Location
- Fieldstead Crescent Newby Scarborough, North Yorkshire, YO12 6TH England
- 54°17′38″N 0°26′06″W﻿ / ﻿54.294°N 0.435°W

Information
- Type: Academy
- Established: 1942
- Local authority: North Yorkshire
- Trust: Delta Academies Trust
- Department for Education URN: 143288 Tables
- Ofsted: Reports
- Headteacher: Chris Robertson
- Gender: Coeducational
- Age: 11 to 16
- Enrolment: 982 (2024)
- Colours: Petrol Blue and Yellow
- Website: https://www.scalby.coastandvale.academy/

= Scalby School =

Community comprehensive school in Scarborough, North Yorkshire, England

Scalby School is a coeducational secondary school located in Scarborough, North Yorkshire, England. It caters for pupils aged 11–16, with around 980 on roll.

==History==
The school was built in 1942. In September 2002 the Department for Education and Skills (DfES) awarded the school specialist school status as a Technology College.

In January 2009 the school started to be advised by the Outwood Grange College group of schools. A number of measures were introduced soon afterwards. In August 2009, the school achieved record results at GCSE, with some 61% achieving 5A*-C (including English and mathematics), the chief measure for English school league tables. This was a climb of 28% in one year, and placed the school top along the North Yorkshire coastal strip for raw results. In the same year there was a similar 5A*-C improvement, with the results reaching 85%. Over the summer a number of rooms have been refurbished, and two extra ICT suites created. A banner celebrating the results of the 2009 Year 11 Leavers was hung on the front of the building, made up of student photographs taken at the school Prom. In the 2009 League Tables, published in January 2010, it was confirmed the school was top in Scarborough for the benchmark 5A*-C including English & mathematics. The school also climbed to 9th in North Yorkshire out of 42 secondary schools for Level 2 CVA, a measure of the progress made by all students.

In 2010 there was an increase in school performance, with 68% of students achieving at least 5 A*-C grades including English and maths, and 99% of students achieving at least 5 A*-C grades. This placed the school as the top performing in Scarborough for the second year running. 49% of pupils achieved at least 3 A* or A grades, a rise of 20%. The school exceeded the FFTD target, a threshold for the top 25% of schools, by 10% overall, and by 8% in English and maths. The CVA score placed the school 18th in England.

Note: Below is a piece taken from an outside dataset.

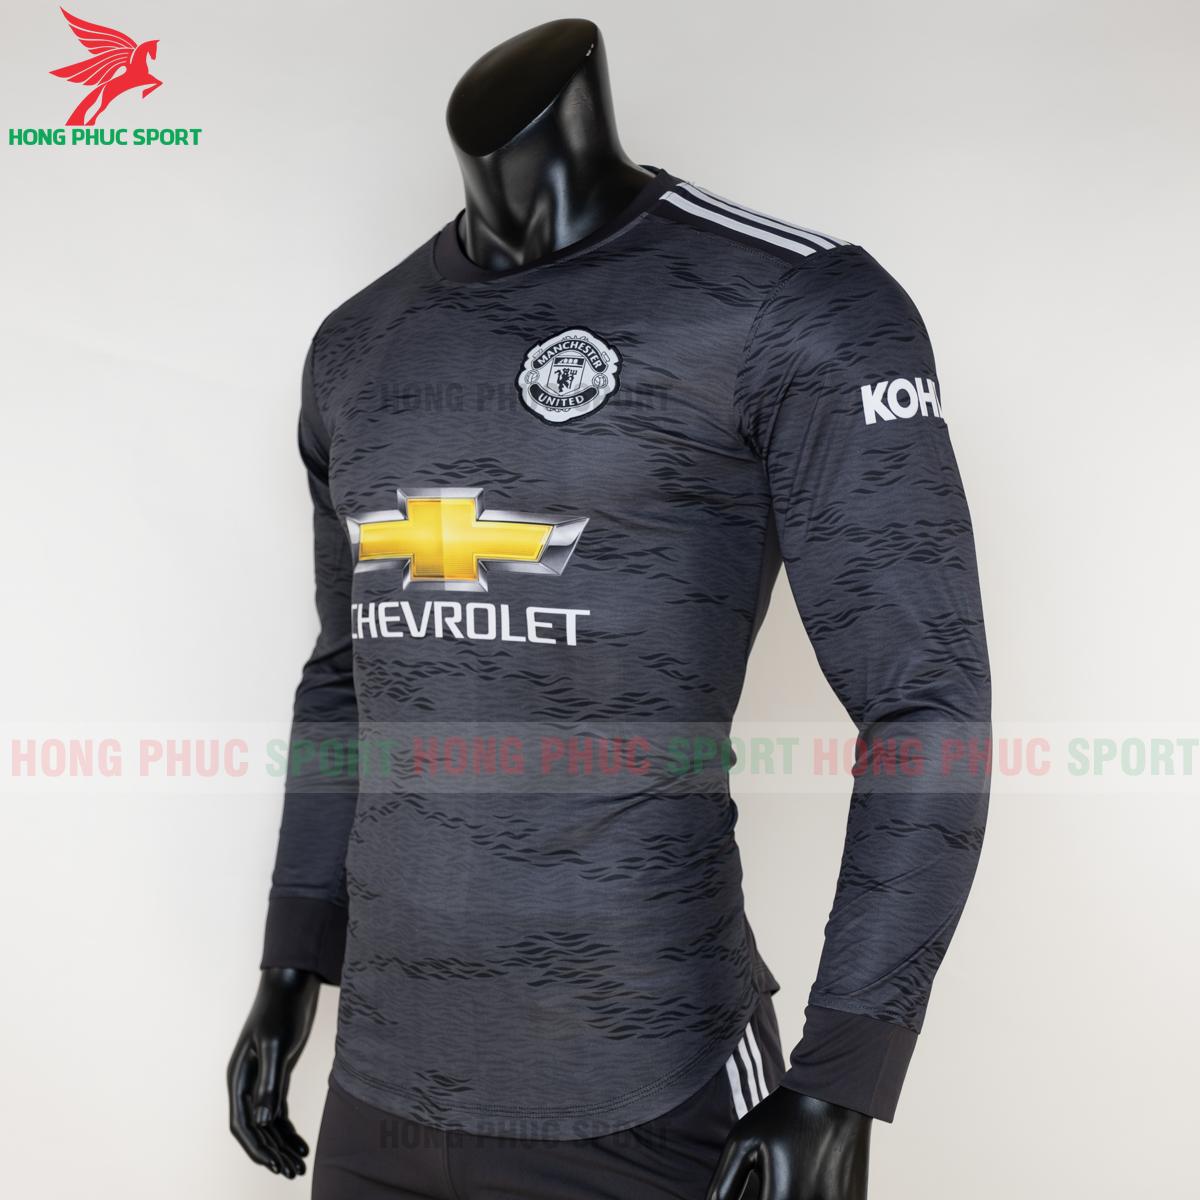 https://cdn.hongphucsport.com/unsafe/s4.shopbay.vn/files/285/ao-dai-tay-manchester-united-2020-san-khach-5-5f8fde22b5834.png
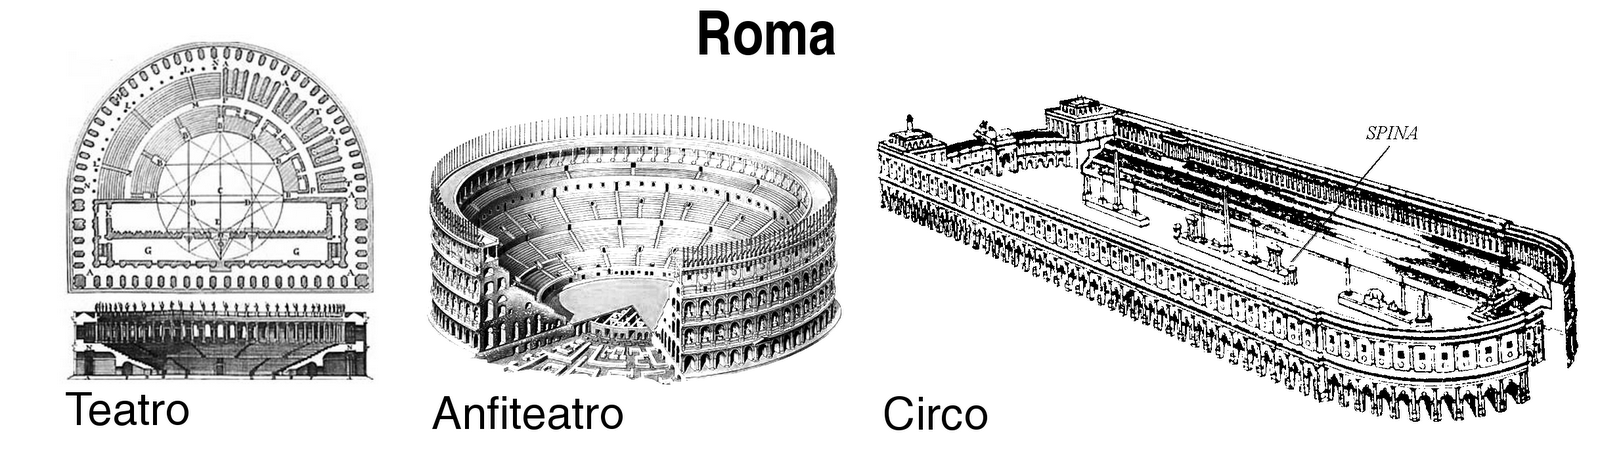 diferencia entre griego romano:

On 5 July 2010 the school released a digital download Somewhere Over The Rainbow/Wonderful World, in an attempt to reach the charts. The song is a tribute to a young student of the school who raised over £25,000 with her friends, whilst battling against a brain tumour.

In January 2011 Scalby was named the top school in Yorkshire, and 18th in England in the 2010 School League Tables using the CVA measure (Contextual value added).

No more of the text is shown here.